Anyway, I am more than happy to test with only a READ_ONLY() in the
reader side, if that the approach you prefer.

Thanks!
Miklos Szeredi May 17, 2024, 3:23 p.m. UTC | #3
On Mon, 13 May 2024 at 14:41, Breno Leitao <leitao@debian.org> wrote:

> That said, if the reader (fuse_readahead()) can handle possible
> corrupted data, we can mark is with data_race() annotation. Then I
> understand we don't need to mark the write with WRITE_ONCE().

Adding Willy, since the readahead code in fuse is fairly special.

I don't think it actually matters if  "fc->num_background >=
fc->congestion_threshold" returns false positive or false negative,
but I don't have a full understanding of how readahead works.

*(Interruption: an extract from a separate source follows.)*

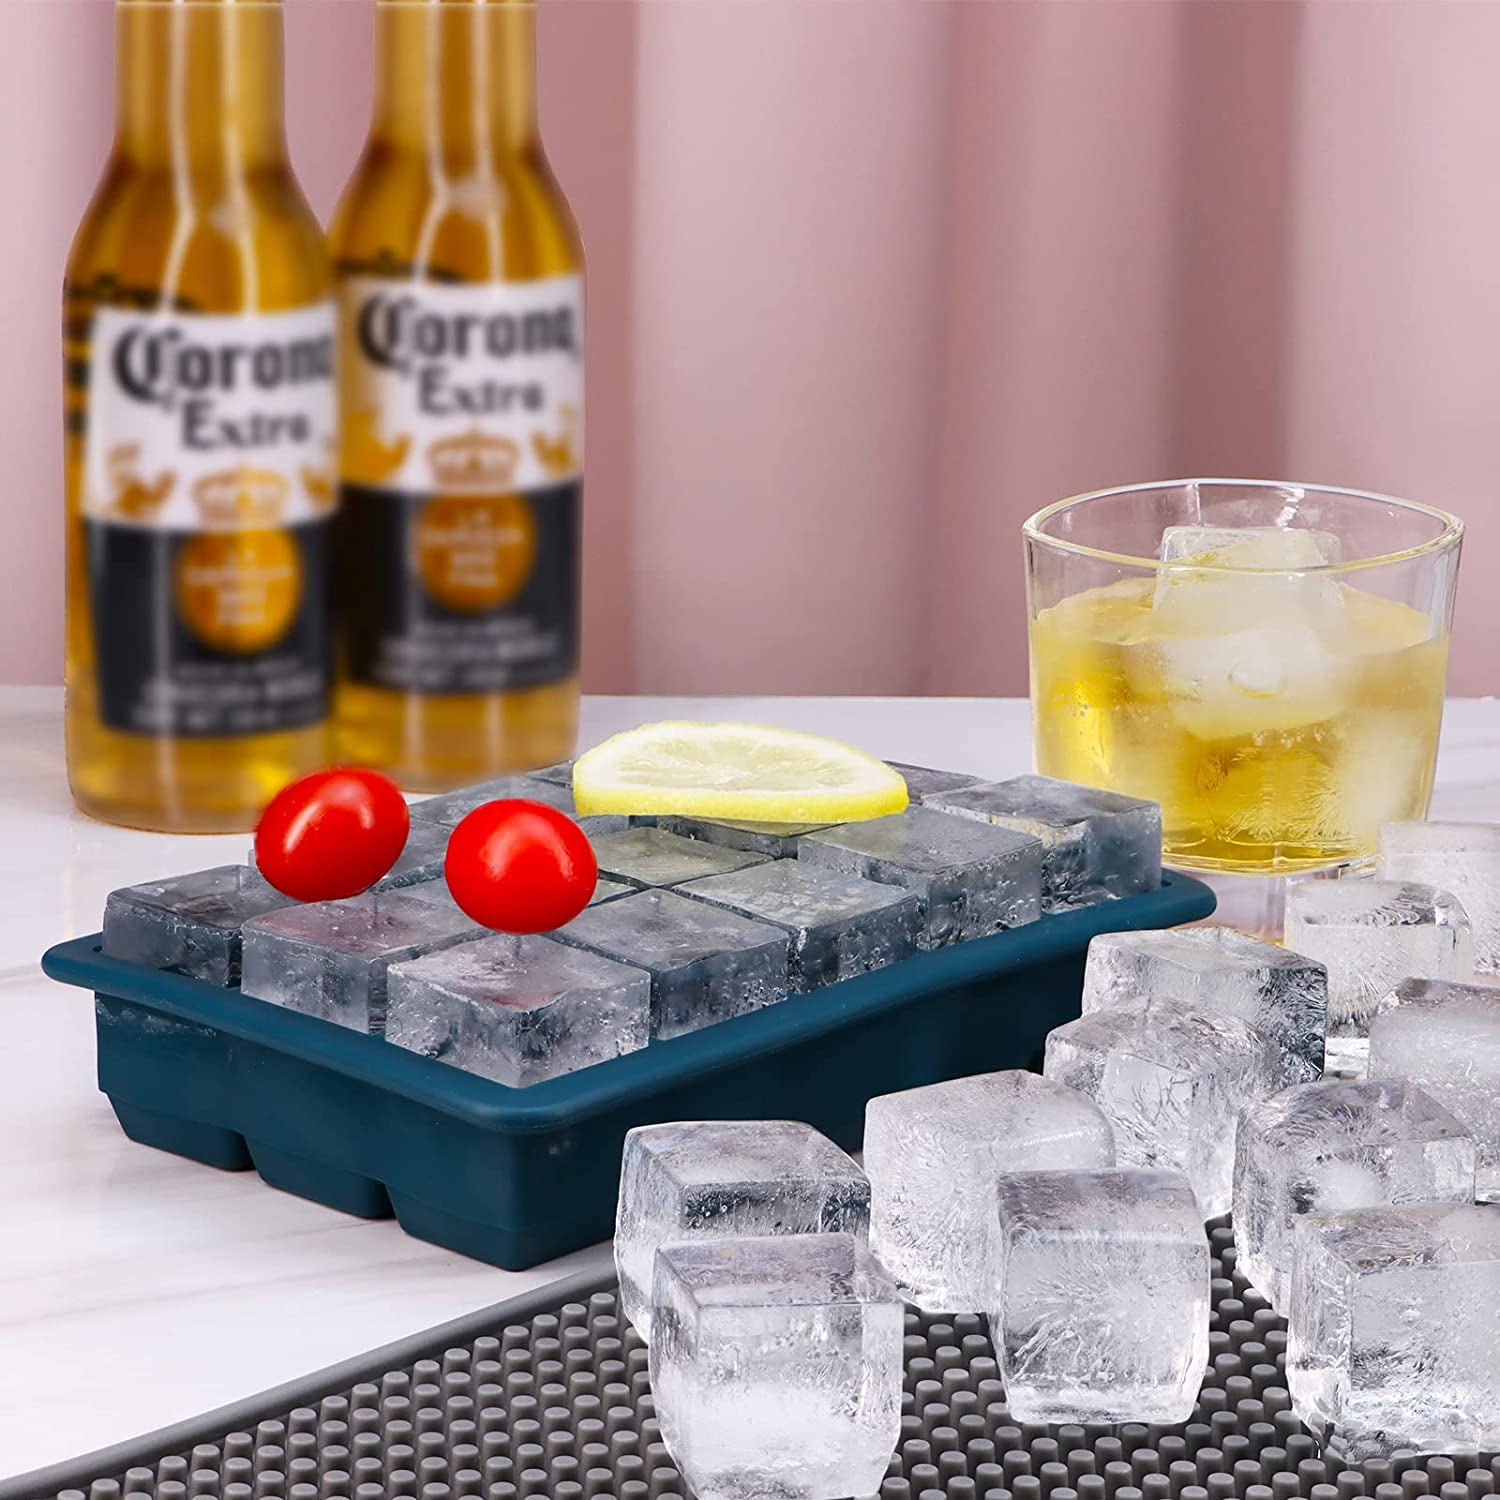 2x Flexible Silicone Ice Cube Tray 15 Square Ice Cube Maker

Willy, can you please look at fuse_readahead() to confirm that
breaking out of the loop is okay if (rac->ra->async_size >=
readahead_count(rac)) no mater what?

Thanks,
Miklos
diff mbox series

Patch

diff --git a/fs/fuse/dev.c b/fs/fuse/dev.c
index 3ec8bb5e68ff..8e63dba49eff 100644
--- a/fs/fuse/dev.c
+++ b/fs/fuse/dev.c
@@ -282,6 +282,7 @@  void fuse_request_end(struct fuse_req *req)
 	struct fuse_mount *fm = req->fm;
 	struct fuse_conn *fc = fm->fc;
 	struct fuse_iqueue *fiq = &fc->iq;
+	unsigned int num_background;
 
 	if (test_and_set_bit(FR_FINISHED, &req->flags))
 		goto put_request;
@@ -301,7 +302,8 @@  void fuse_request_end(struct fuse_req *req)
 	if (test_bit(FR_BACKGROUND, &req->flags)) {
 		spin_lock(&fc->bg_lock);
 		clear_bit(FR_BACKGROUND, &req->flags);
-		if (fc->num_background == fc->max_background) {
+		num_background = READ_ONCE(fc->num_background);
+		if (num_background == fc->max_background) {
 			fc->blocked = 0;
 			wake_up(&fc->blocked_waitq);
 		} else if (!fc->blocked) {
@@ -315,7 +317,7 @@  void fuse_request_end(struct fuse_req *req)
 				wake_up(&fc->blocked_waitq);
 		}
 
-		fc->num_background--;
+		WRITE_ONCE(fc->num_background, num_background - 1);
 		fc->active_background--;
 		flush_bg_queue(fc);
 		spin_unlock(&fc->bg_lock);
diff --git a/fs/fuse/file.c b/fs/fuse/file.c
index b57ce4157640..07331889bbf3 100644
--- a/fs/fuse/file.c
+++ b/fs/fuse/file.c
@@ -1002,7 +1002,7 @@  static void fuse_readahead(struct readahead_control *rac)
 		struct fuse_io_args *ia;
 		struct fuse_args_pages *ap;
 
-		if (fc->num_background >= fc->congestion_threshold &&
+		if (READ_ONCE(fc->num_background) >= fc->congestion_threshold &&
 		    rac->ra->async_size >= readahead_count(rac))
 			/*
 			 * Congested and only async pages left, so skip the